Single amino acid changes outside the active site significantly affect activity of glutathione S-transferases.

Glutathione S-transferases (GSTs: E.C. 2.5.1.18) are a multigene family of multifunctional dimeric proteins that play a central role in detoxication. Four allelic forms of the mosquito Anopheles dirus GST, adGST1-1, were cloned, expressed and characterized. The one or two amino acid changes in each allelic form was shown to confer different kinetic properties. Based on an available crystal structure, several of the residue changes were not in the putative substrate-binding pocket. Modeling showed that these insect Delta class GSTs also possess a hydrophobic surface pocket reported for Alpha, Mu and Pi class GSTs. The atom movement after replacement and minimization showed an average atom movement of about 0.1 A for the 0 to 25 A distance from the alpha carbon of the single replaced residue. This does not appear to be a significant movement in a static modeled protein structure. However, 200-500 atoms were involved with movements greater than 0.2 A. Dynamics simulations were performed to study the effects this phenomenon would exert on the accessible conformations. The data show that residues affecting nearby responsive regions of tertiary structure can modulate enzyme specificities, possibly through regulating attainable configurations of the protein.

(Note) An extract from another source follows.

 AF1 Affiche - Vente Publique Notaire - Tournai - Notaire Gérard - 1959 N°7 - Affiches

Genomic organization and putative promoters of highly conserved glutathione S-transferases originating by alternative splicing in Anopheles dirus.

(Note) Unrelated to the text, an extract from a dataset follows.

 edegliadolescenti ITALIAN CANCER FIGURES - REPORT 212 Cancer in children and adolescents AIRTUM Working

The genomic DNA of a GST class I alternative splicing gene has been characterized from Anopheles dirus, a Thai malaria vector. This gene organization is highly conserved in An. dirus and Anopheles gambiae (aggst1alpha), with >80% nucleotide identity in the coding region. Their gene organization contains six exons for four mature GST transcripts, which share exon 1 and exon 2 but vary between four different exon 3 sequences (exon 3A-3D). The deduced amino acid sequence of the GST transcripts from these two genes also shows very high conservation, with 85-93% identity for each orthologous gene. Two putative promoters and possible regulatory elements were predicted by a combination of the TSSW and MatInspector programs. The Ad214 promoter is proposed to be involved in developmental stage regulation. The Ad2112 promoter would appear to respond to intra- or extracellular stimuli. These two Anopheline species appear to have diverged in the distant past based on gene neighbors and phylogenetic data, yet these GST genes are still conserved. Therefore it is highly probable that this GST gene organization has one or more important roles.